Re: are there lots of URLs that have non-UTF-8 percent-encoded octets in them?

<janssen@parc.xerox.com> wrote:

> we're looking at the behavior of urllib.unquote(), which is
> a function to take a string containing percent-escaped octets,
> unescape it, and return the result.

Nice rathole.  Assuming all % introduce two hex. digits what
you end up is clearly a string of octets.  

If it ever was an URI, the output is likely not an URI.  So far 
no surprise, URIs are a proper subset of ASCII with a strict
syntax, non-ASCII octets immediately kill that.

The output might be an IRI.  Also no surprise, all valid IRIs
can be transformed into URIs, and where that happened it can
be inverted. 

For an UTF-8 IRI you'd expect that the "random octets" boil
down to valid UTF-8.  You could verify that.  Of course UTF-8
IRIs are always UTF-8 strings (the opposite is not true).

But it starts to get very bad when you have a perfect URI,
and end up with a garbage octet string that is anything but 
no valid IRI after percent-decoding the input URI.

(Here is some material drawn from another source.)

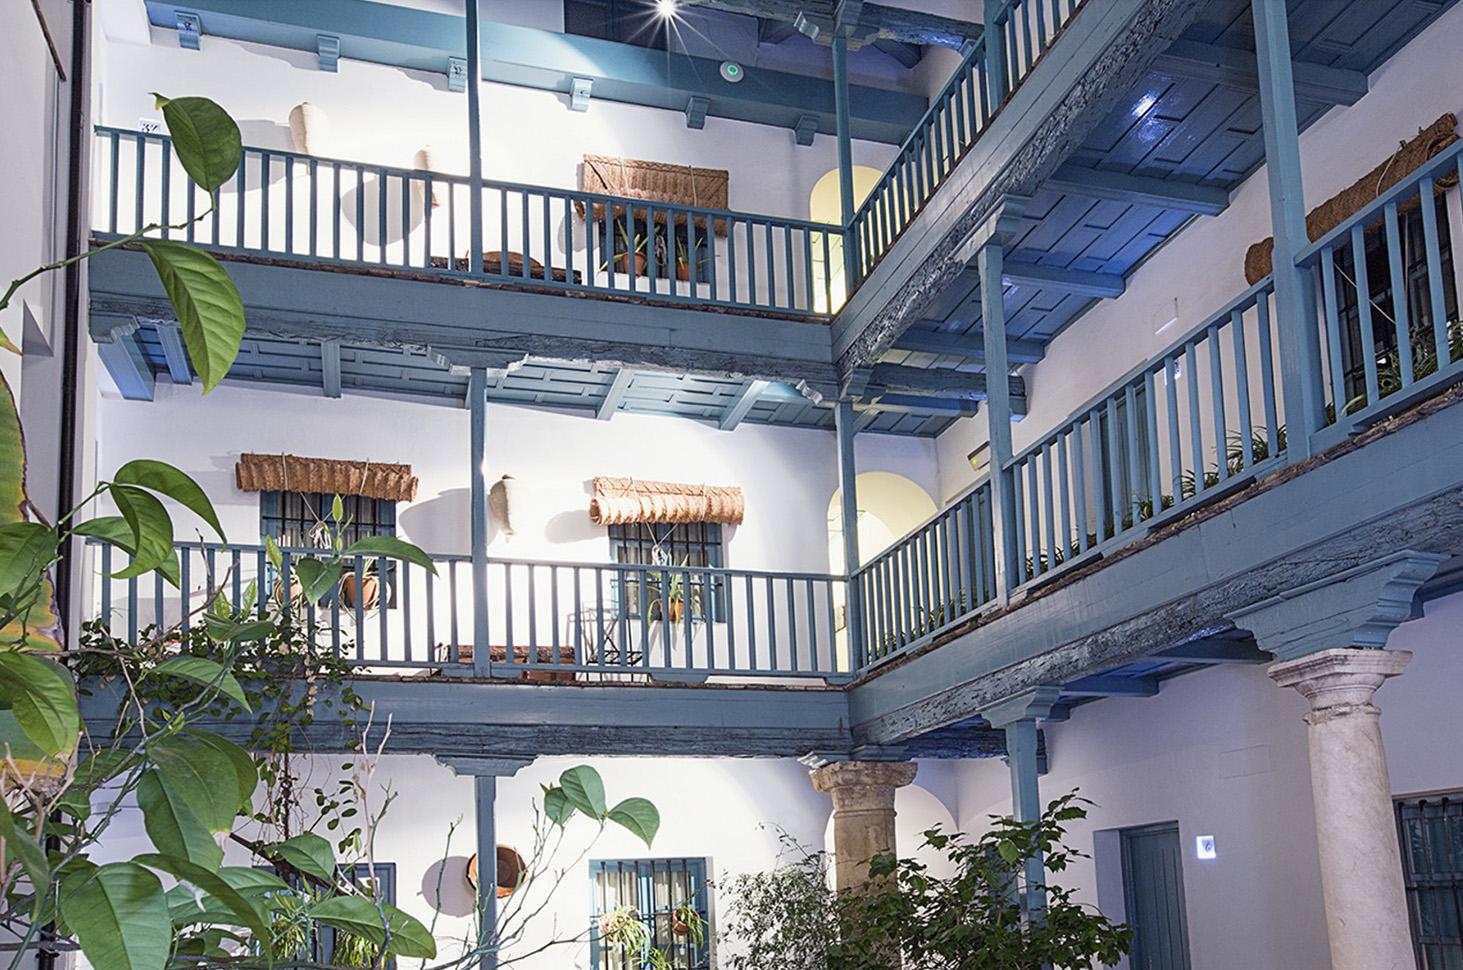 ventanas-hotel-casa-rey-baeza-13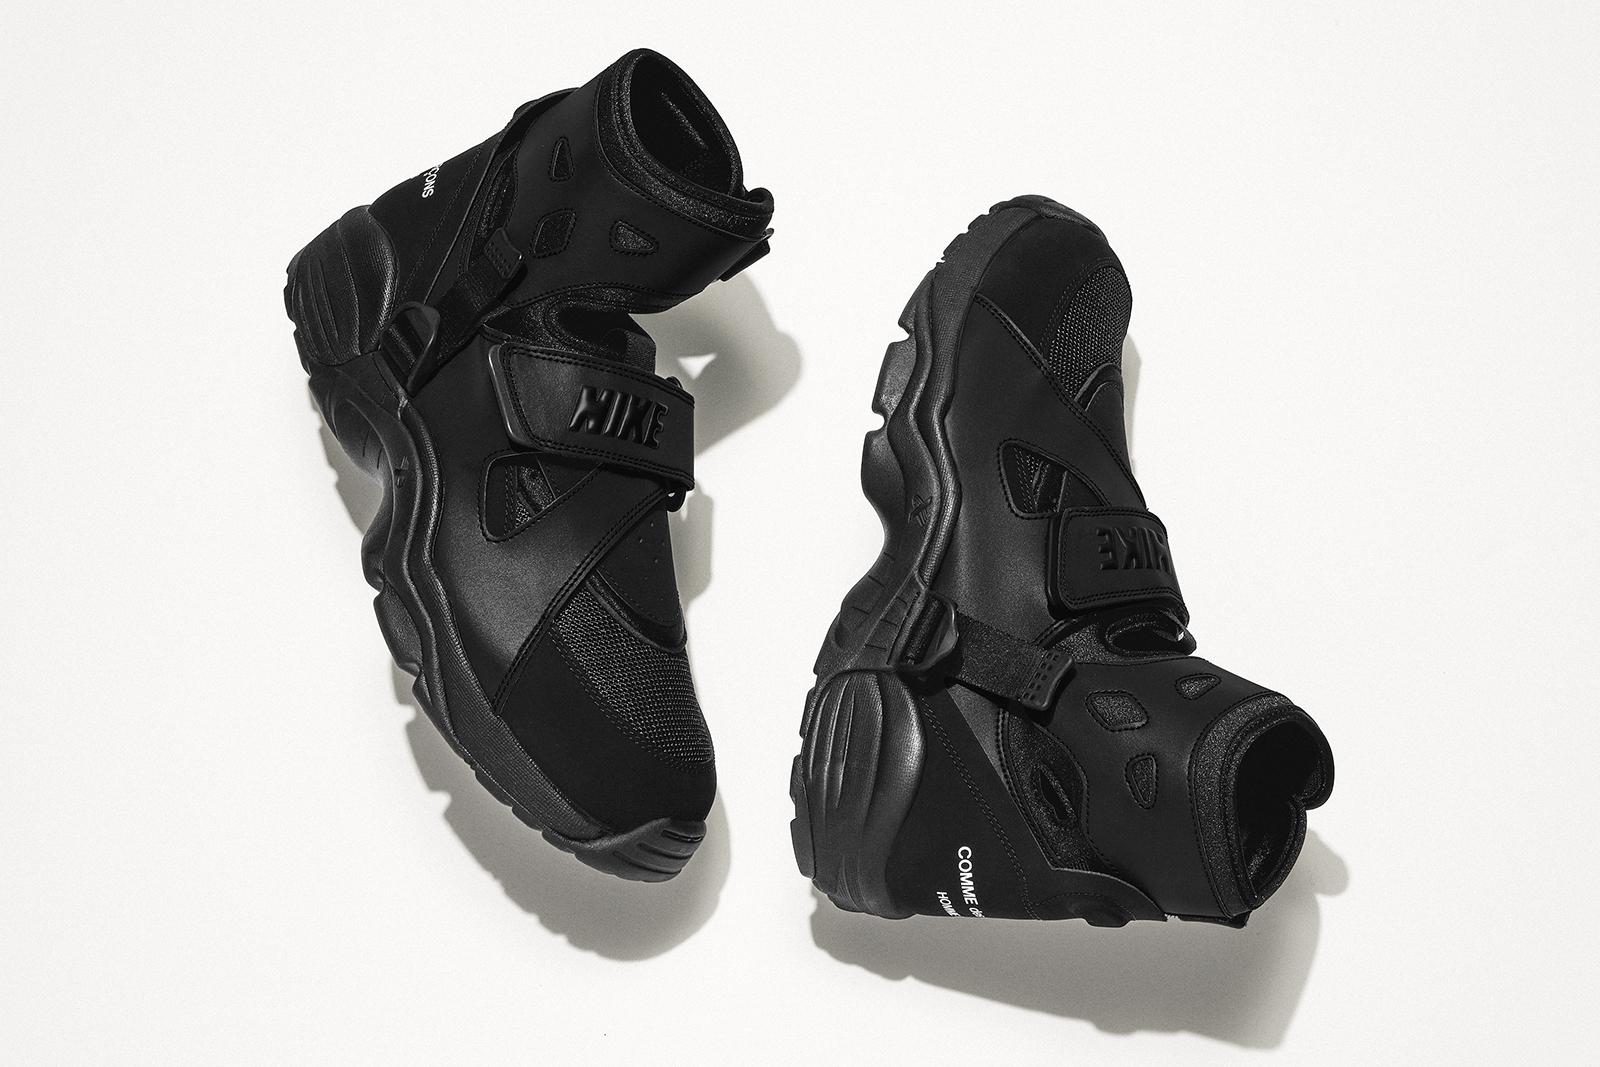 Nike x Comme des Garçons Air Carnivore

It can get worse, a perfectly valid URI, decoded, resulting
in a *syntactically* valid IRI or URI, but the decoded form
does not work (404 is a harmless case).

In other words, if you have no compelling reason to "decode"
an URI leave it alone.  Only the server - assuming it is a
http URI - knows what if anything should be decoded, and how
often.  There can be %25xx double encodings.  I've not yet
seen any "treble encoding", but double encodings exist.  And
double encodings where you MUST NOT decode twice also exist,
same idea as single encodings where you MUST NOT decode once.

 Frank

Received on Wednesday, 13 August 2008 01:16:06 UTC